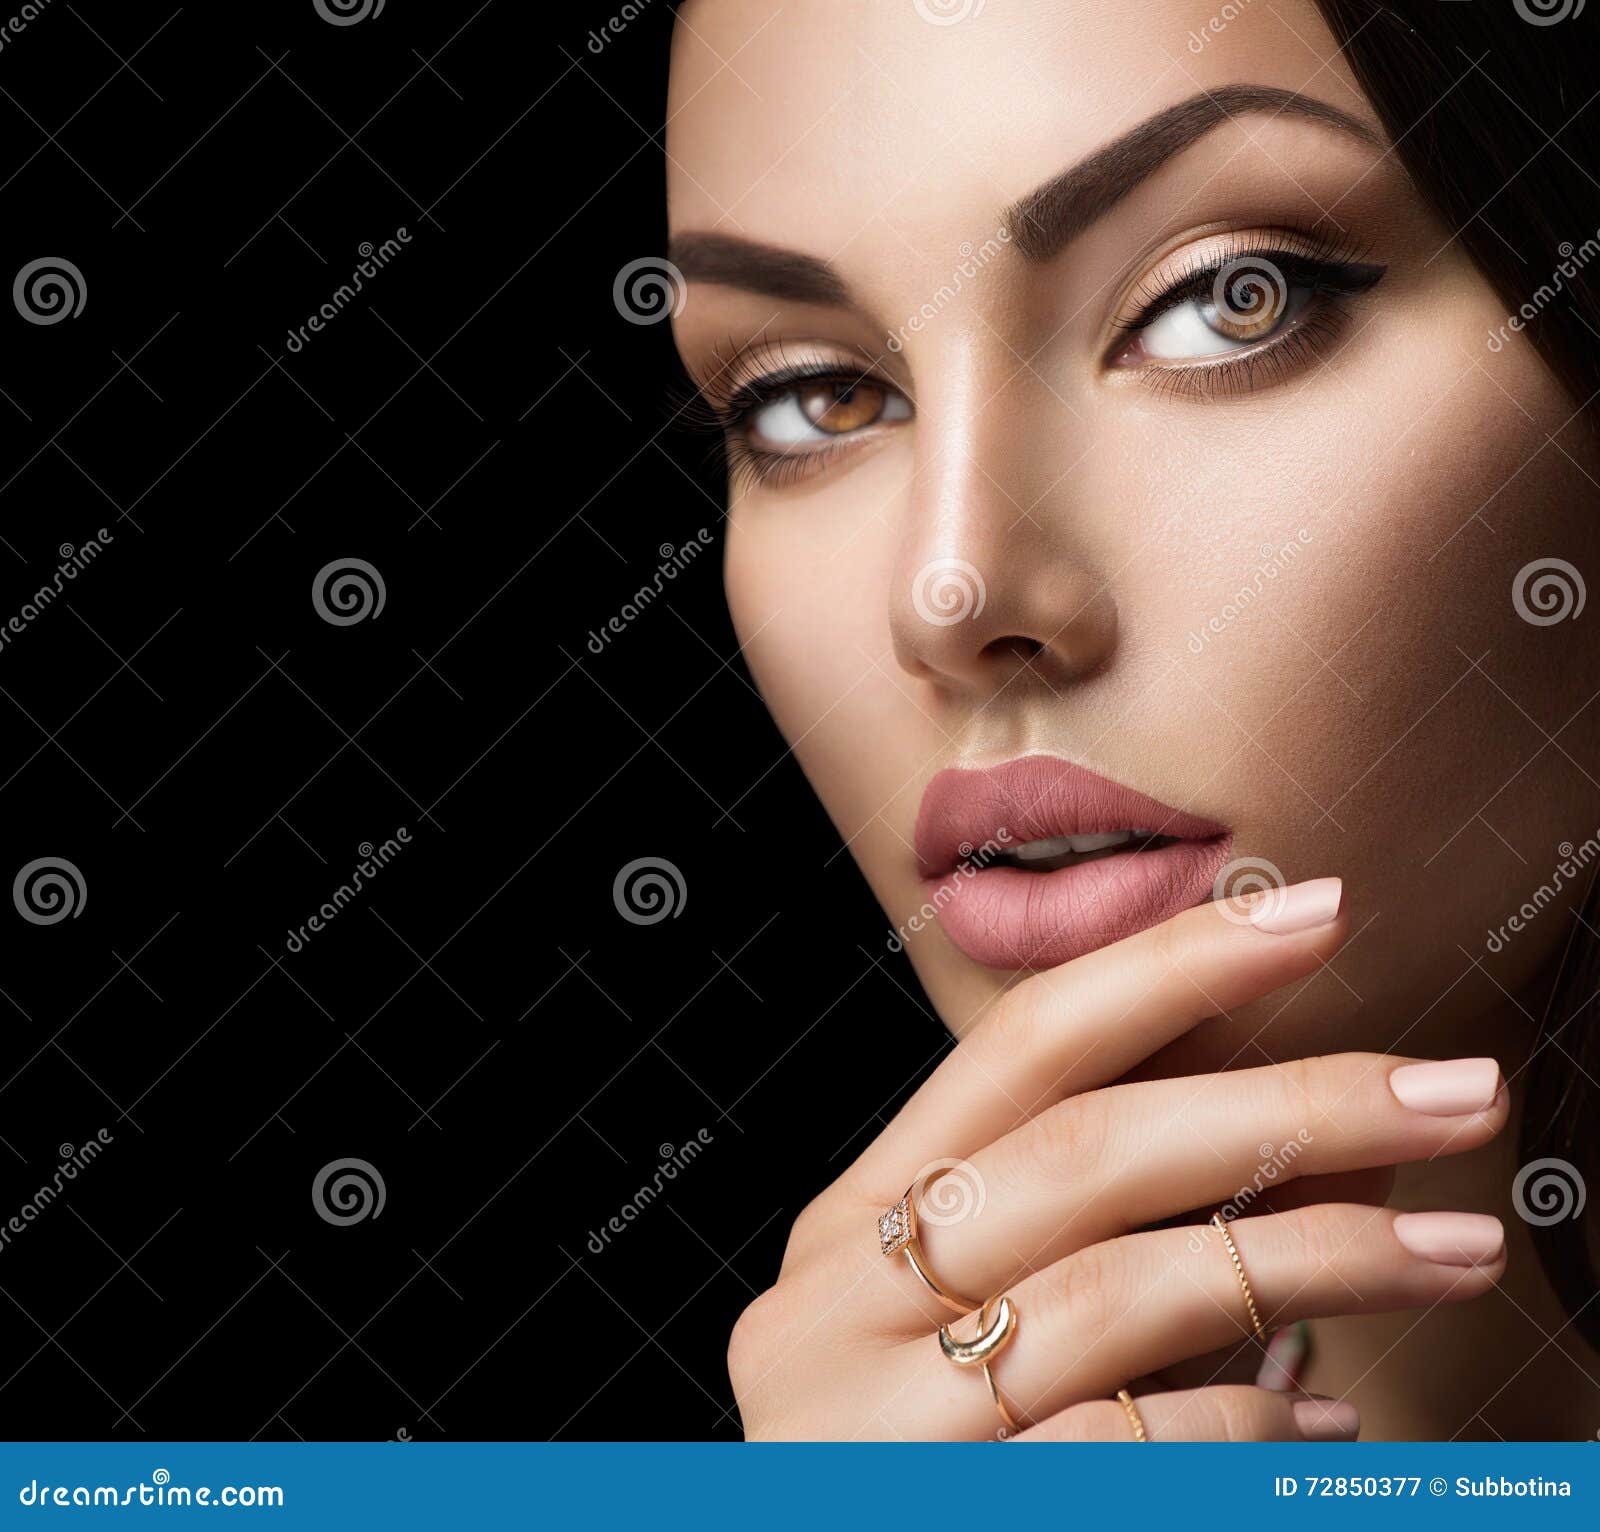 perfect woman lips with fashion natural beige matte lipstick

★ ★ ★ ★ ★ ★ ★

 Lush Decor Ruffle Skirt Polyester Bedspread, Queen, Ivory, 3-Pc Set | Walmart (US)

★ ★ ★ ★ ★ ★ ★

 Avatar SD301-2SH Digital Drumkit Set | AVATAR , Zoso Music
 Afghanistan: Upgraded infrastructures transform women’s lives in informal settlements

★ ★ ★ ★ ★ ★ ★

[WORK INSTRUCTIONS] Which lines above run from the one containing "Avatar SD301-2SH Digital" to the one containing "Afghanistan: Upgraded infrastructures"? Give them again exactly, both ends included.

[EXPECTED OUTPUT]
 Avatar SD301-2SH Digital Drumkit Set | AVATAR , Zoso Music
 Afghanistan: Upgraded infrastructures transform women’s lives in informal settlements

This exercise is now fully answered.